Мы провожали ее всей бригадой. И вое, конечно, понимали, почему она уезжает именно сегодня. А она плакала и желала нам счастья. И за что-то просила у Валюшки прощения. А Валюшка тоже плакала и просила прощения у нее. Может, просто они слишком много выпили на нашей веселой свадьбе?..
Михаил Кельба что-то кричит мне снизу. Я выключаю электрод, поднимаю щиток, гляжу вниз.

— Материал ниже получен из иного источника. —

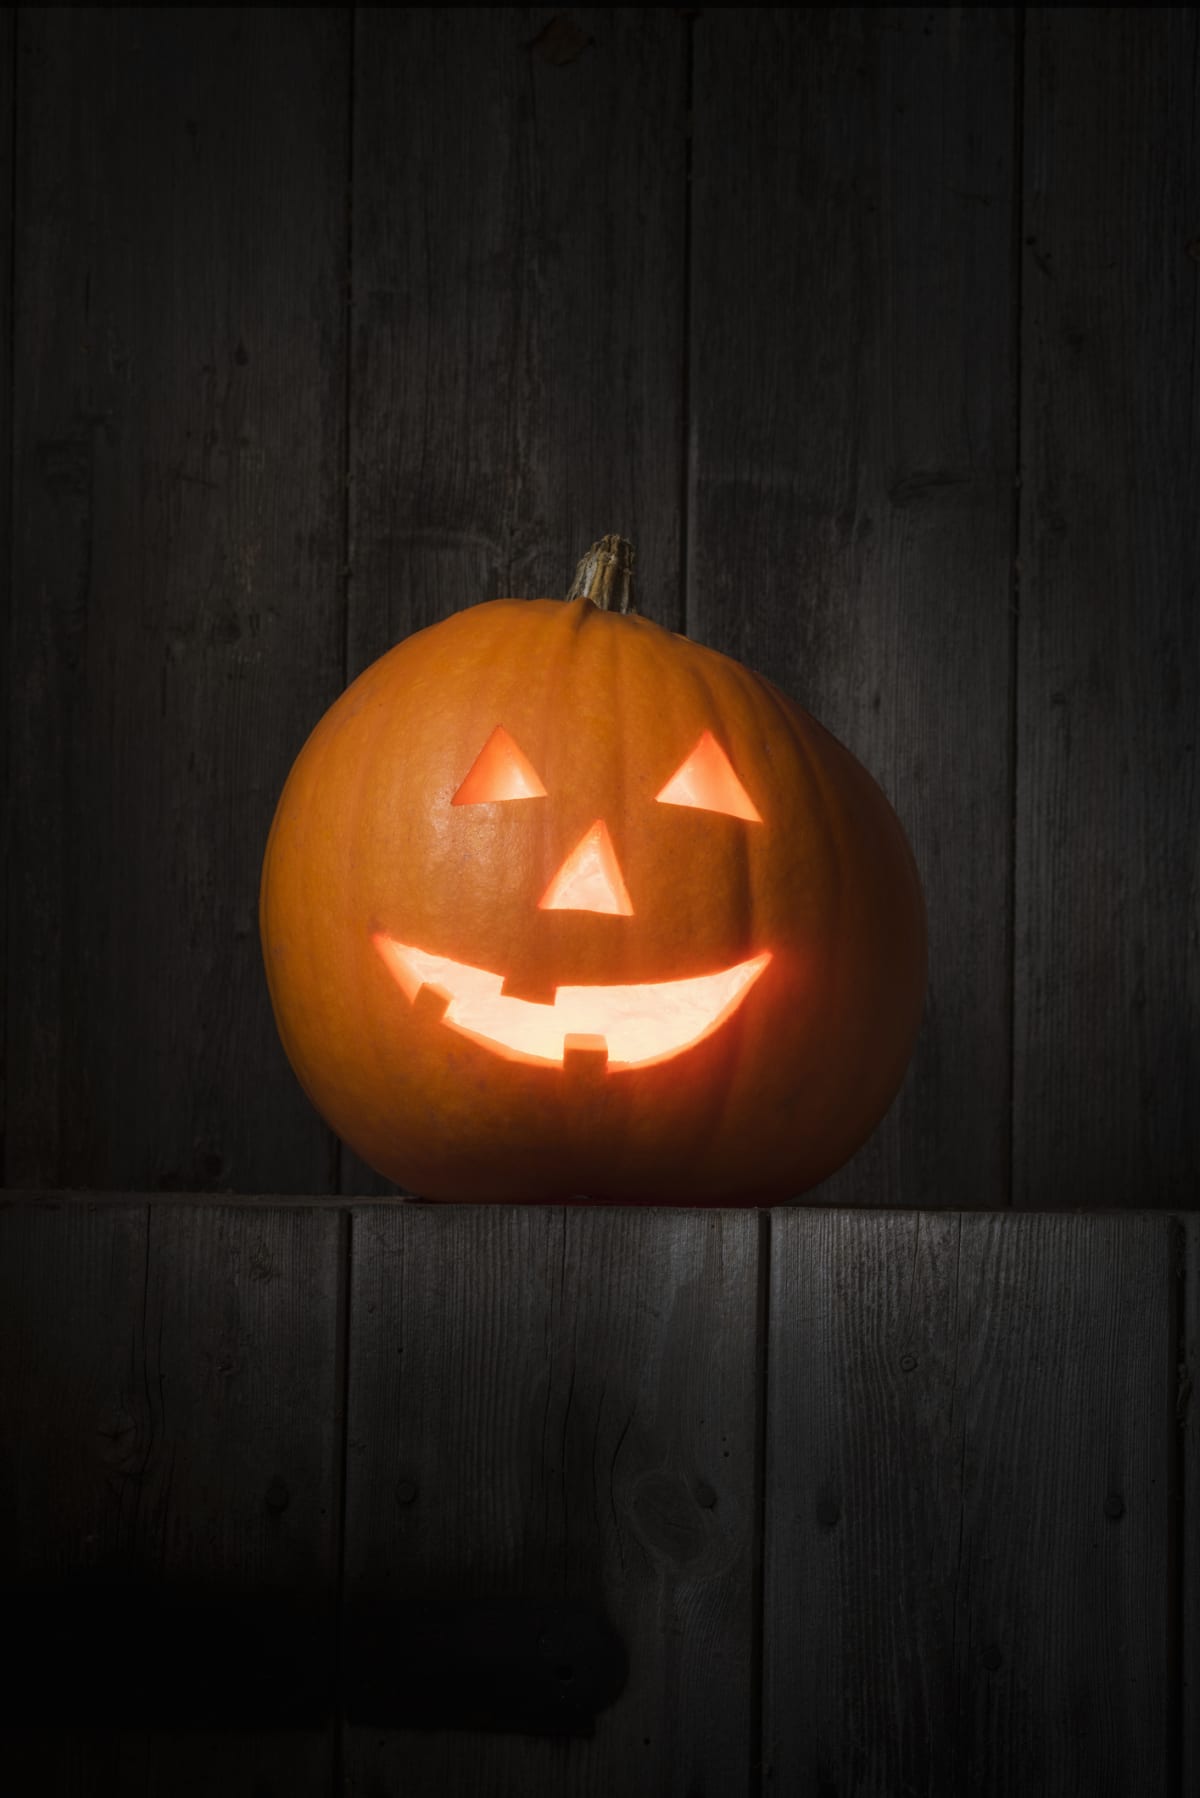 Pumpkin with carved smiling face emitting light

— Иди в контору участка! - кричит Кельба.
— Зачем?
— Там представитель института сидит. Беседует е теми, кто заявления подал.
— Так, может, позже?
— Нет, он просил сейчас.
— Где он? — В постройкоме.
— Ладно!
Я осторожно начинаю спускаться вниз. Все равно мне надо было сегодня сходить в контору. У меня там есть и производственные дела. Я ведь теперь заместитель бригадира. И Кельба, наш новый бригадир, все конторские дела старается пока поручать мне. Наверно, чтобы я меньше был наверху. Перед конторой «Стальмонтажа», как всегда, громоздятся горы металлоконструкций. Специальная бригада ведет здесь их укрупнительную сборку и окраску. Мы называем эту бригаду бригадой «старичков». Здесь работают пожилые монтажники, которые когда-то были отчаянными верхолазами, а теперь уже не могут подниматься наверх. Меня тоже хотели после болезни определить в эту бригаду. Я, конечно, отказался.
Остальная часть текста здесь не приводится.